Doublechecking the table structure.

pd.read_sql('''
PRAGMA table_info(MAINdivvy);
''', con=cony)

I now have a single table MAINdivvy with 3.7M records. Let's move on to the analysis.

4. Analyze

4.1 PivotTable in Microsoft Excel

  • Selected the whole table and Inserted it as PivotTable to the new sheet
  • Inserted PivotChart to assist with visualization
  • Experimented with the parameters in Pivot table, created:
  • Number of rides by user type. Columns: member_casual, Values: Count of ride_id
  • Average ride length by user type. Columns: member_casual, Values: Average of ride_length
  • Average ride length by day of the week and by user type. Columns: member_casual, Rows: day_of_week, Values: Average of ride_length
  • Number of rides by day of the week and by user type. Columns: member_casual, Rows: day_of_week, Values: Count of ride_id

On this chart for example we can see that casual riders are most active on Fridays and weekends, while members ride regularly during the weekends.

pivot1.png

4.2 Analysis in SQLite

First I want to make sure there are no empty spaces in the started_at and ended_at columns since I am going to use them for main calculations.

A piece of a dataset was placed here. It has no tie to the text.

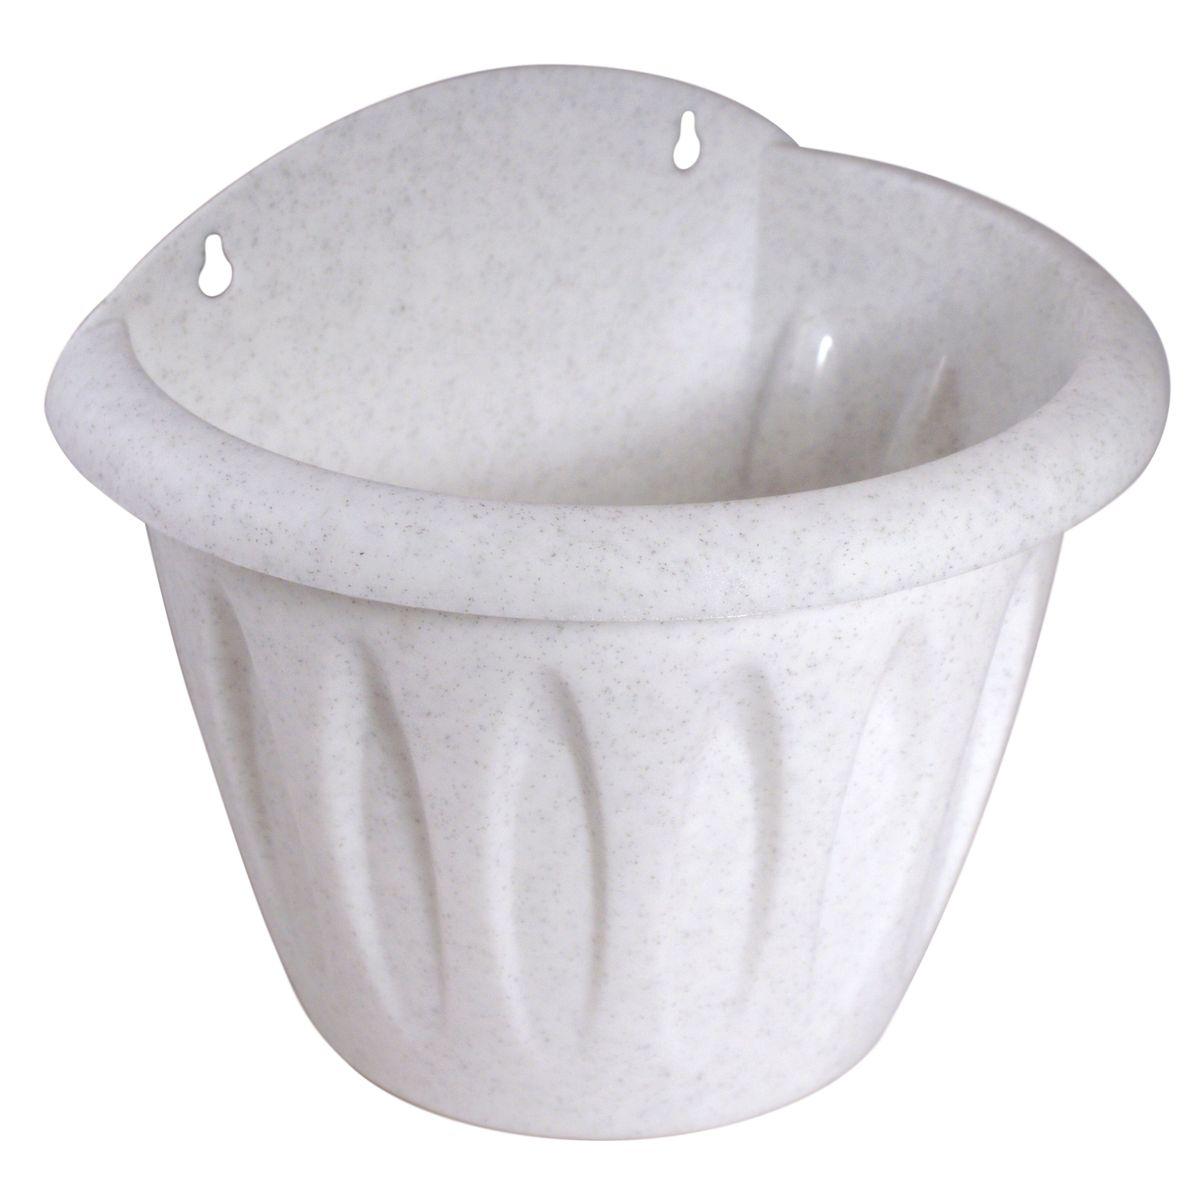 Кашпо настенное Martika Фелиция, цвет: мрамор, 20 х 14,6 х 17,3 смMRC121MНастенное кашпо Martika Фелиция изготовлено из высококачественного пластика и имеет два удобных отверстия для крепления. Изделие прекрасно подойдет для выращивания растений дома и на приусадебных участках. Размер изделия: 20 х 14,6 х 17,3 см.
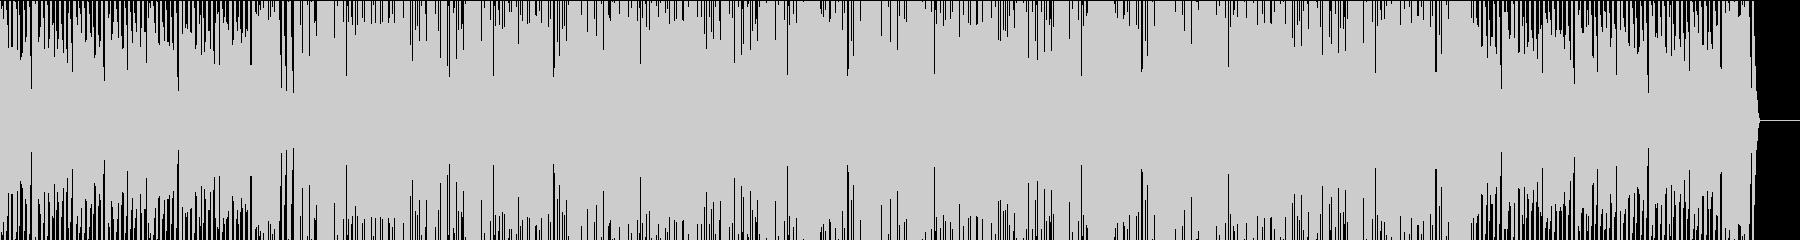 爽やかなピアノが特徴のハウスの未再生の波形

# Counting empty spaces of started_at
pd.read_sql('''
SELECT COUNT(*) AS started_at_empty_spaces
FROM MAINdivvy
WHERE started_at = '';
''', con=cony)
# Counting empty spaces of ended_at
pd.read_sql('''
SELECT COUNT(*) AS ended_at_empty_spaces
FROM MAINdivvy
WHERE ended_at = '';
''', con=cony)

Since counting empty spaces results in 0 instances there are no empty spaces in those columns.

Now I want to check if there are instances where trip duration is less than or equals 0 sec. For that, I am subtracting started_at from ended_at columns and converting them to Unix epoch time in seconds.

pd.read_sql('''
SELECT
    started_at,
    ended_at,
    STRFTIME('%s', ended_at) - STRFTIME('%s', started_at) AS ride_length
FROM MAINdivvy
WHERE STRFTIME('%s', ended_at) - STRFTIME('%s', started_at) <= 0
ORDER BY ride_length;
''', con=cony)

The result is 10K+ instances. Since they represent roughly 0.3% of the dataset I decided to delete them. Next, I am deleting rows where duration is less than or equal to zero.

DELETE *
FROM MAINdivvy
WHERE STRFTIME('%s', ended_at) - STRFTIME('%s', started_at) <= 0;

Since ride_id records are tokenized there should not be repeating instances. Here I am checking for duplicate ride_id by comparing the number of total_ride_id and the number of distinct_ride_id.

# Count rows in agreggated table
pd.read_sql('''
SELECT
    COUNT (ride_id) AS 'total_ride_id',
    COUNT (DISTINCT ride_id) AS 'distinct_ride_id'
FROM MAINdivvy2;
''', con=cony)

Since the numbers are equal there are no ride_id duplicates.

Now I want to add a few computed columns to the table for further analysis. Here I am creating a new empty table MAINdivvy2 with the same structure and 3 additional columns for computing.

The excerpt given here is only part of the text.